Answer by Theo(13342) About Me  (Show Source):
You can put this solution on YOUR website!
the probability of getting the answer correct is .9
the probability of getting the answer wrong is therefore 1 - .9 = .1.

to get at least a 70% grade, then the student needs to answer at least 7 out of 10 or at least 14 out of 20.

7/10 = .7 = 70%

14/20 = .7 = 70%

to get at least 7 out of 10 correct, then 7 or 8 or 9 or 10 questions have to be answered correctly.

to get at least 14 out of 20 correct, then 14 or 15 or 16 or 17 or 18 or 19 or 20 have to be answered correctly.

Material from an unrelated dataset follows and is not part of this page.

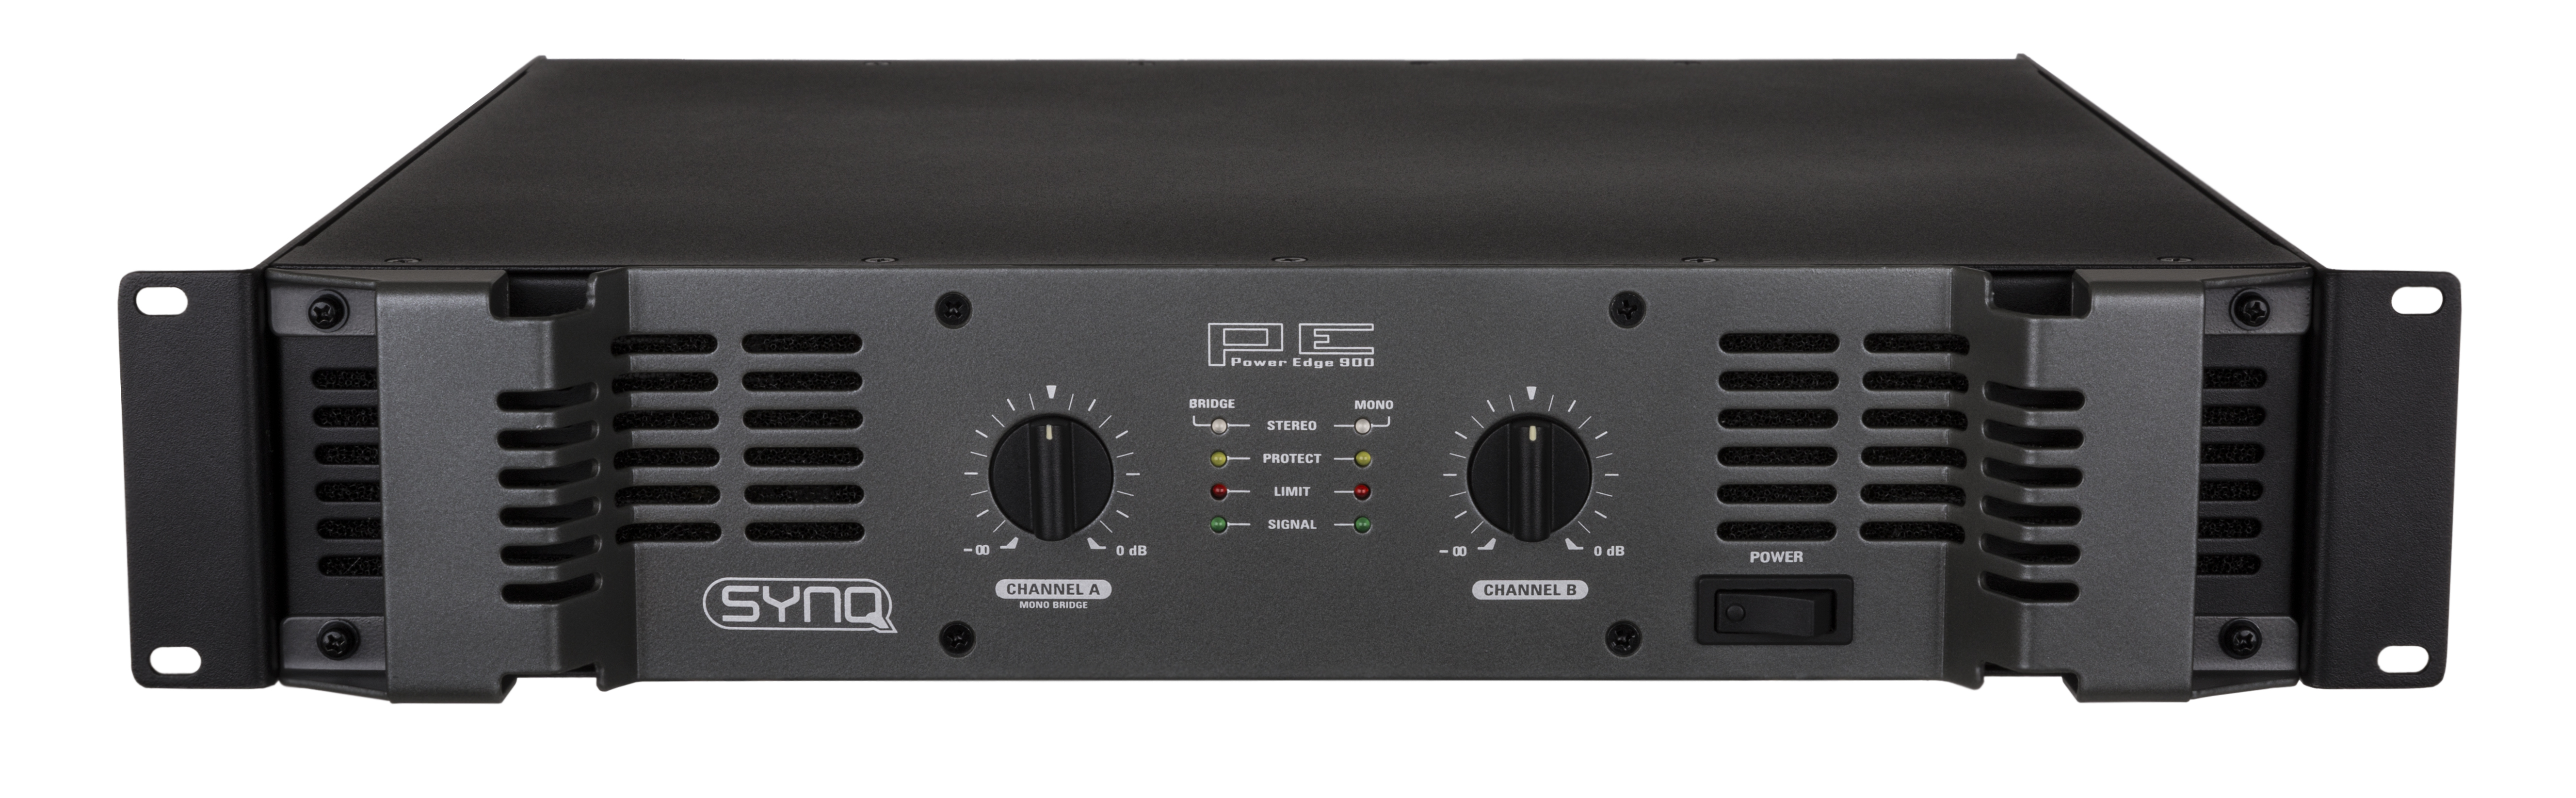 The Power Edge 'Class H' amplifiers are designed for pure power 2x 450Wrms / 4ohm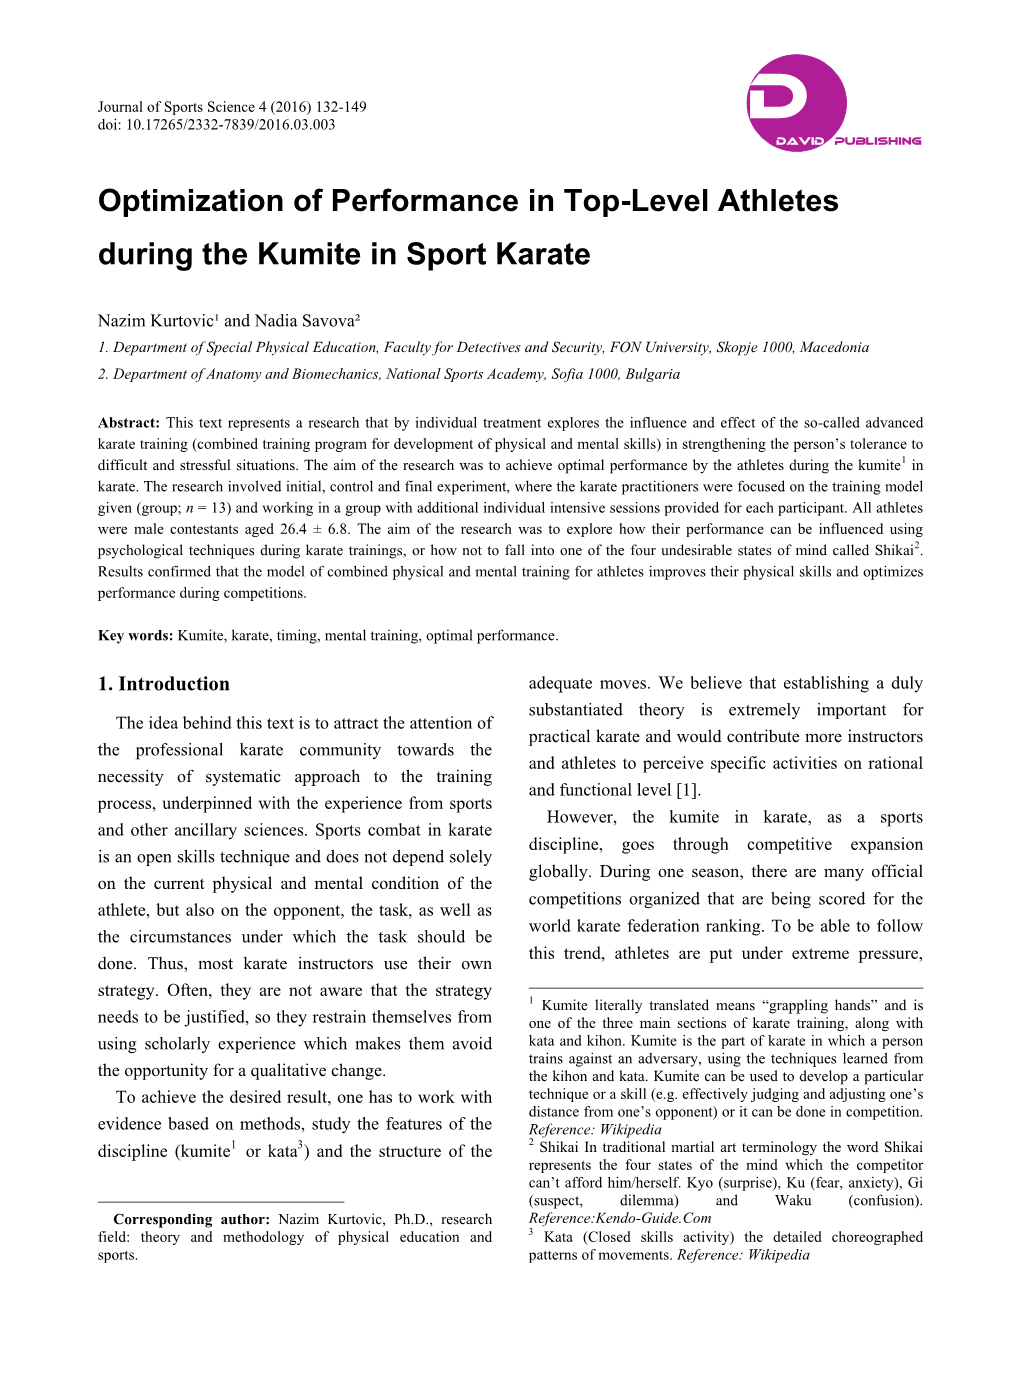 Optimization of Performance in Top-Level Athletes During the Kumite in Sport Karate

the formula for x items correctly out of n items is:

p(x) = c(n,x) * p^x * q^(n-x)

when n = 10, the formula becomes:

p(7) = c(10,7) * .9^7 * .1^3
p(8) = c(10,8) * .9^8 * .1^2
p(9) = c(10,9) * .9^9 * .1^1
p(10) = c(10,10) * .9^10 * .1^0

you get a similar construction for at least 14 out of 20.
in that case, n = 20 and x = 14, 15, 16, 17, 18, 19, 20.

i used excel to do the math and this is what i got.

for at least 7 out of 10 possible occurrences:

probability is equal to .9872 or 98.72%

$$$

for at least 14 out of 20 possible occurrences:

probability is equal to.9976 or 99.76%

$$$

c(n,x) is the number of possible ways to get x out of n where order is not important.

that formula is c(n,x) = n! / (x! * (n-x)!)

for formula for the probability of x out of n is:

p(x) = c(n,x) * p^x * q^(n-x)

for example:

with 10 possible occurrences, the probability of getting exactly 7 out of 10 is:

p(7) = c(10,7) * .9^7 * .1^3 = .057395628

with 20 possible occurrences, the probability of getting exactly 17 out of 20 is:

p(17) = c(20,17) * .9^17 * .1^3 = .1901198714

both these calculations agree with what is shown in the excel spreadsheet.

the sum of all probabilities must be equal to 1.

the excel spreadsheet printouts show this to be true for both cases.